The Challenge for Clinicians
Many practitioners initially feel conflicted, even frustrated, by the slower, more uncertain pace. This is not due to a lack of skill but often because much of therapy training emphasizes manualized protocols, measurable outcomes, and structured timelines
Questions quickly arise:
- How much structure is helpful, and when does it become intrusive?
- What belongs in documentation?
- How do I plan treatment when the path is unfolding moment by moment?
These are not trivial concerns, they go to the heart of ethical, presence-based work. Therapists may find themselves challenged to trust the process, to withstand ambiguity, and to commit to a journey that unfolds gradually.
Staying With the Work: The Paradox of Slowing Down
The paradox, as many KAT practitioners eventually discover, is that the work with complex trauma demands more presence, more patience, and more trust, not just in the client, but in the process itself. And ironically, the work often becomes more sustainable and less emotionally taxing when therapists give themselves permission to slow down and let go of the illusion of control.
The ultimate invitation is to move from technician to companion, from fixing to witnessing; knowing that for many clients, the experience of being met, accepted, and accompanied is itself reparative at the deepest level. This is not simply theory: research shows that the therapeutic alliance, a felt sense of safety and mutual regard, is one of the strongest predictors of positive outcome in trauma treatment.
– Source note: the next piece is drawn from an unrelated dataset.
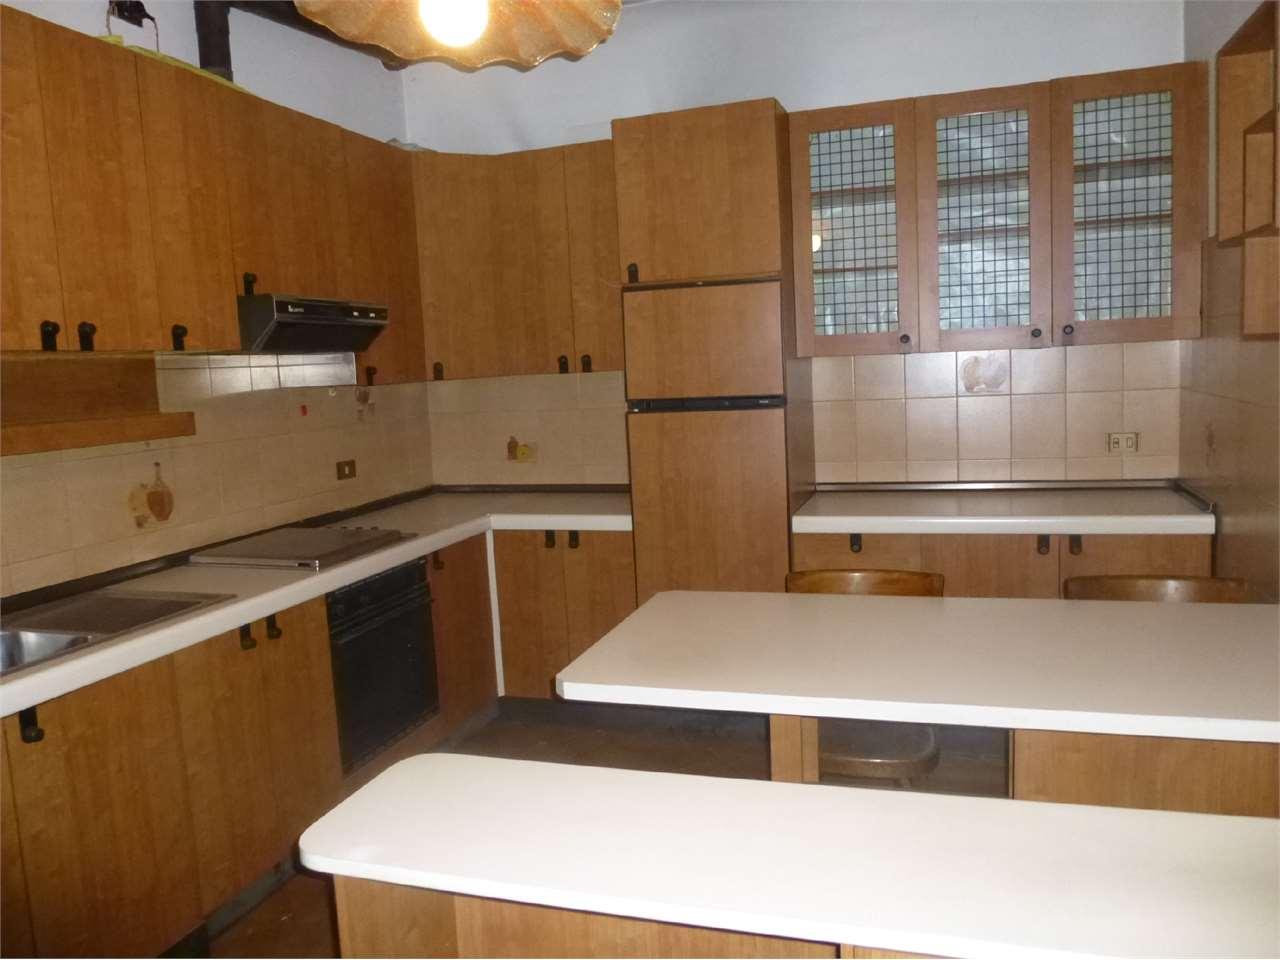 Appartamento in vendita a Busto Garolfo, 4 locali, prezzo € 95.000 | CambioCasa.it

An Integrated, Sustainable Model for the Future
As the field of psychedelic therapy grows, so too does our understanding of how to integrate these approaches with what we know about trauma, attachment, and neurodevelopment. KAP, when practiced with humility and attunement, offers a transformative opportunity, not just to alleviate symptoms, but to support the deeper healing that comes from reorganizing the nervous system.
For us at Empathy Grove Ketamine Therapy and Wellness Center, the focus is to stay open and curious, to embrace ongoing learning, and to reflect deeply not just on techniques, but on the true nature of healing itself.